* **Provided data**:
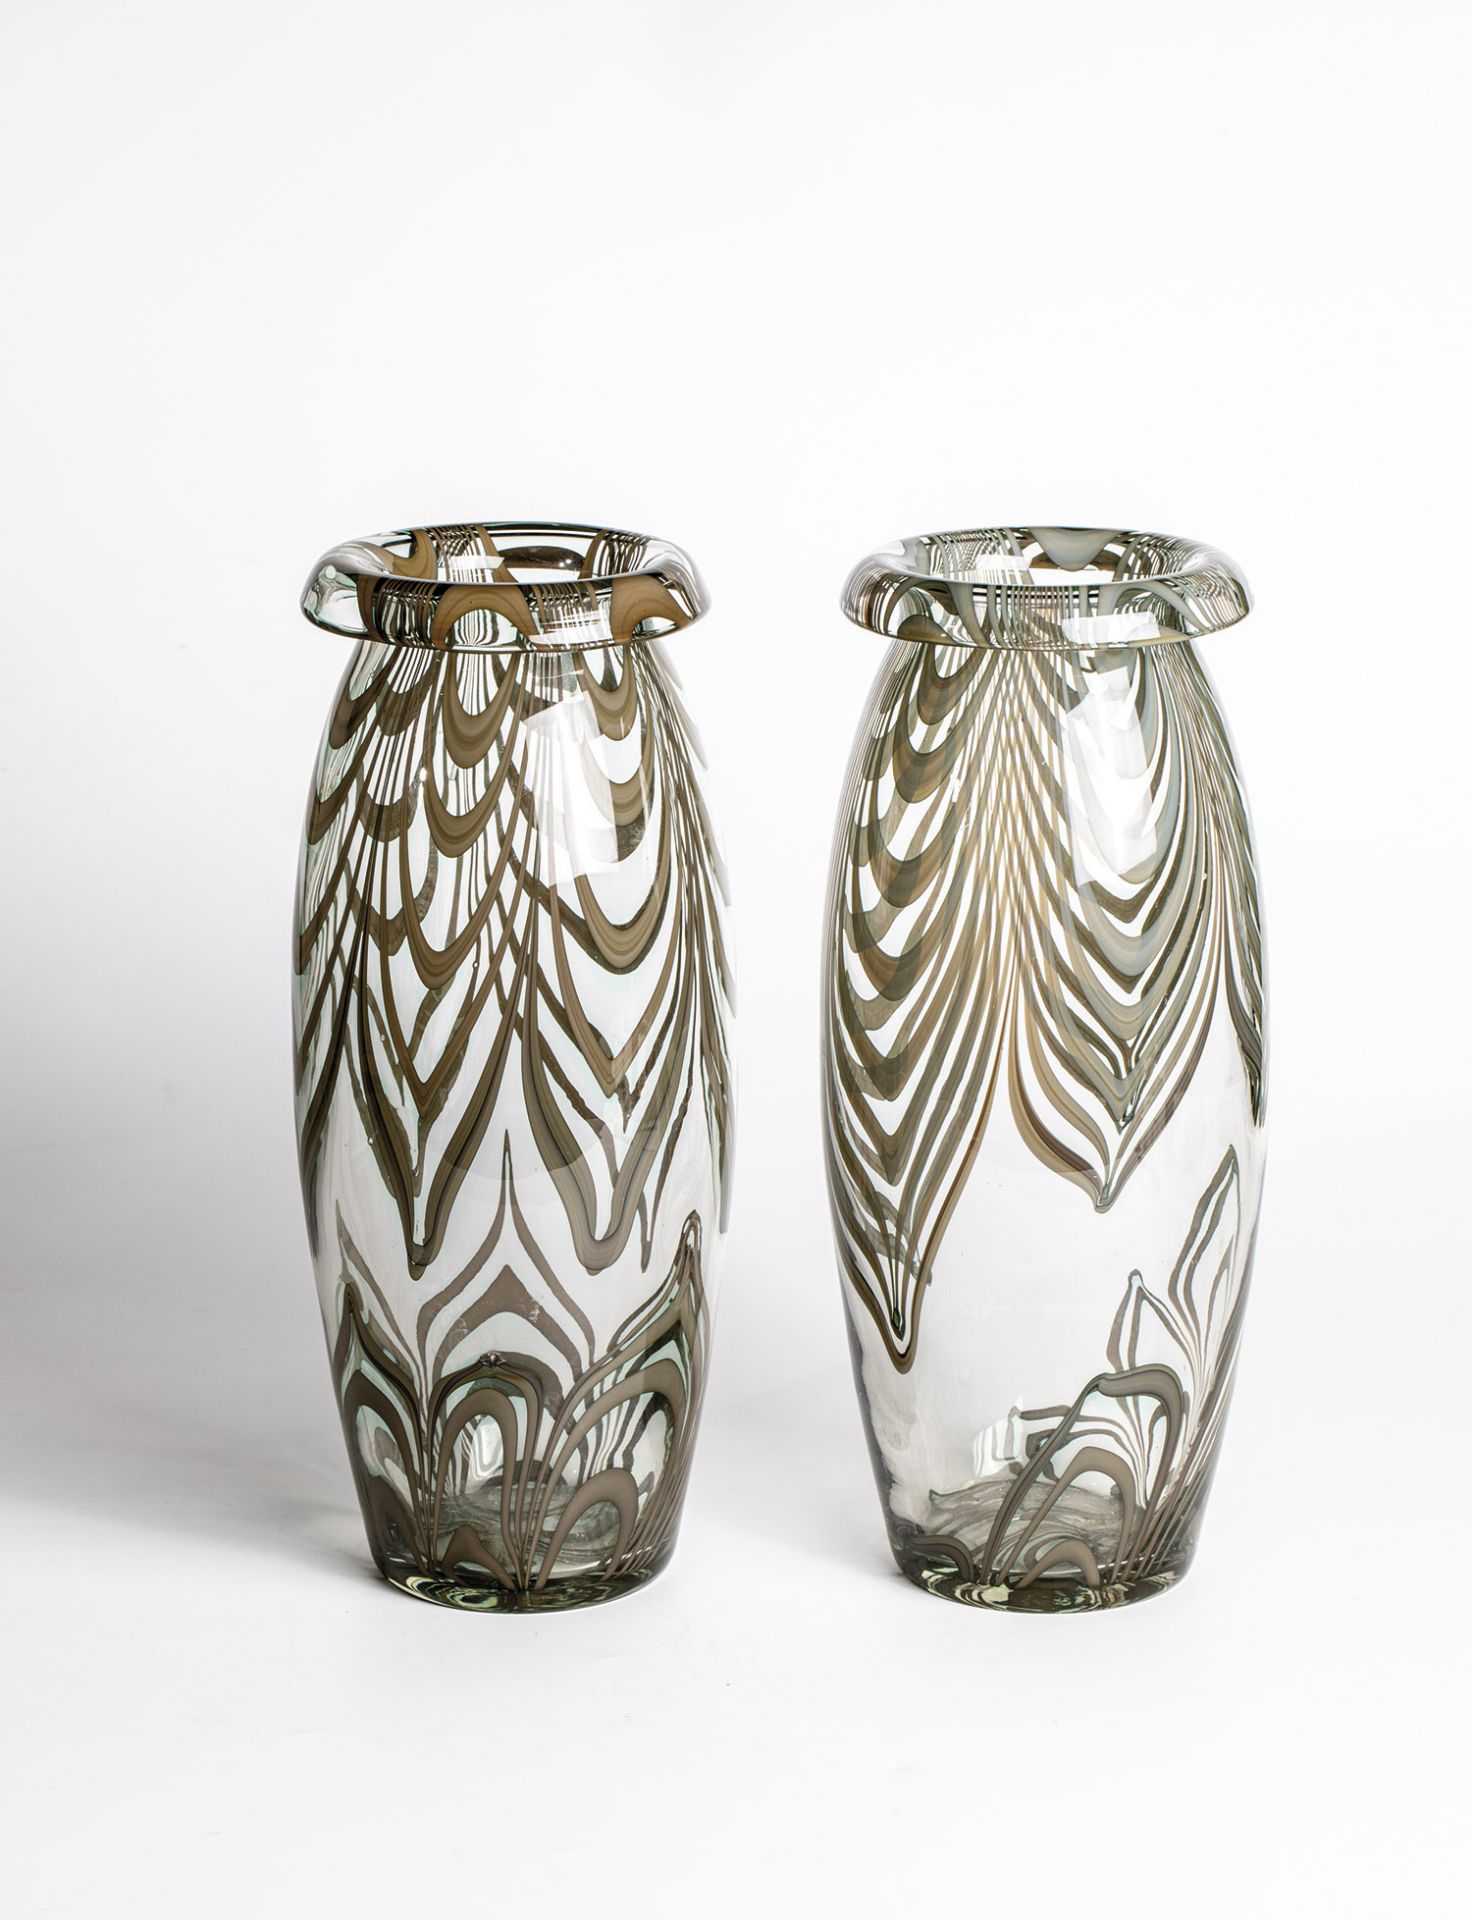 Pair of vases Wolfgang von Wersin (design), Tyrolean glassworks Kramsach (execution), ca. 1926
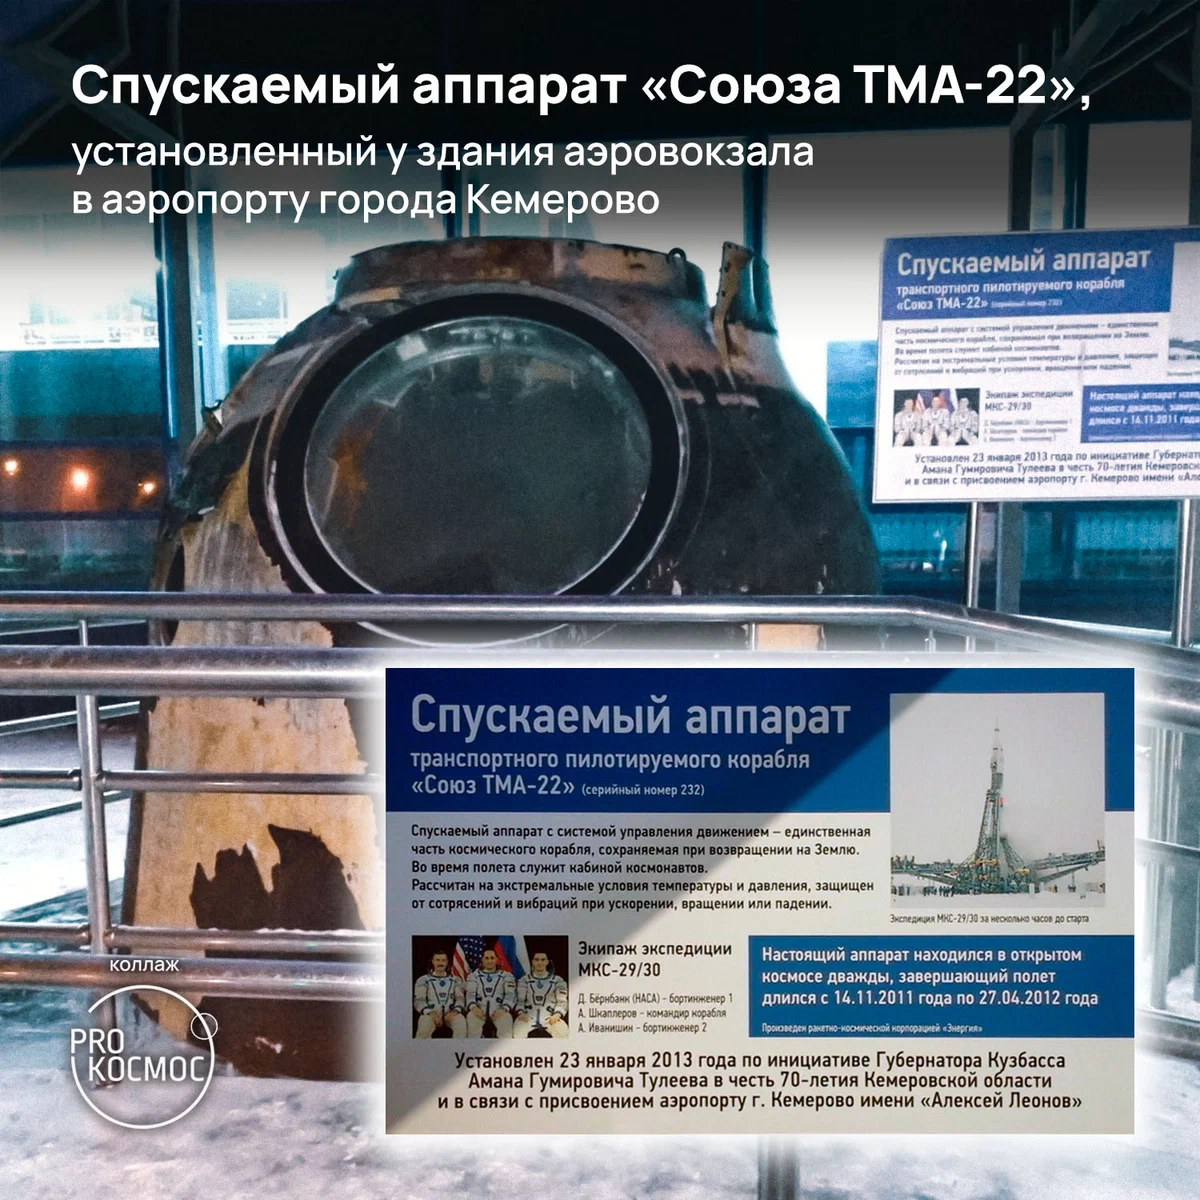 Рубежный запуск: «Союз ТМА-22» стал последним аналоговым и первым пилотируемым после завершения полётов шаттлов⁠⁠ height=1200px width=1200px
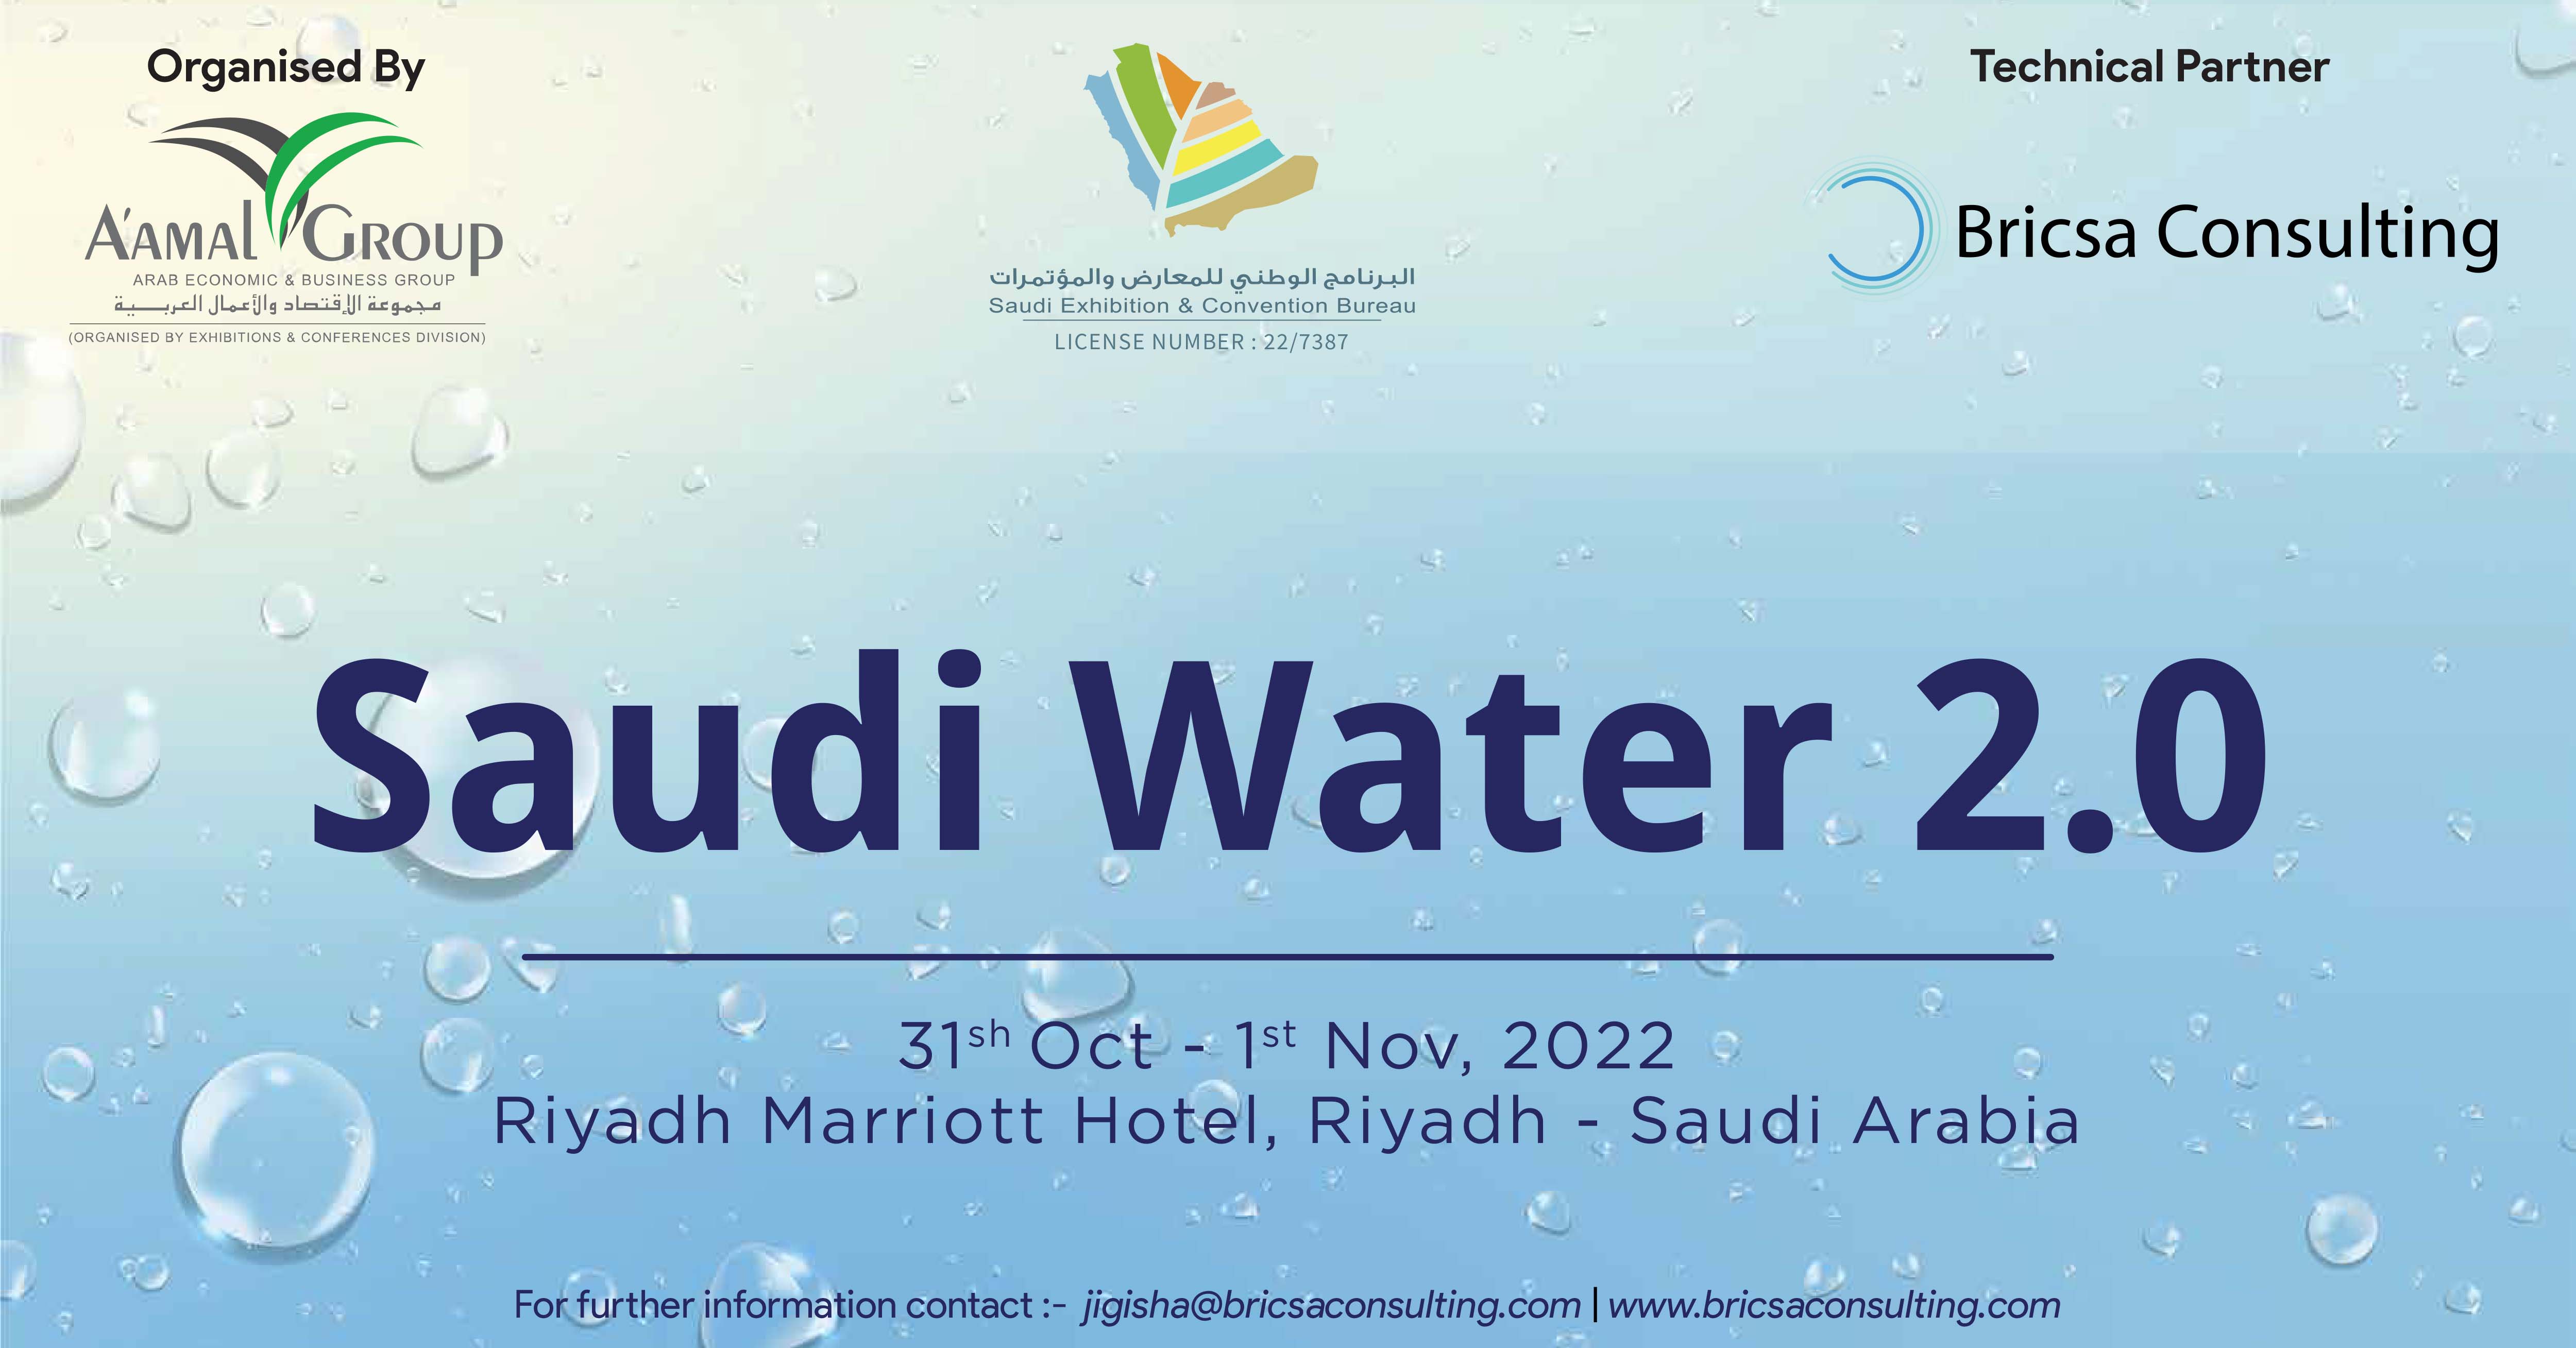 Saudi Water 2.0

* **Task**:
Repeat each line word for word, from the one with "шаттлов⁠⁠ height=1200px width=1200px" down to the last line of the data, and keep the pictures out of it.

* **Solved problem**:
 Рубежный запуск: «Союз ТМА-22» стал последним аналоговым и первым пилотируемым после завершения полётов шаттлов⁠⁠ height=1200px width=1200px
 Saudi Water 2.0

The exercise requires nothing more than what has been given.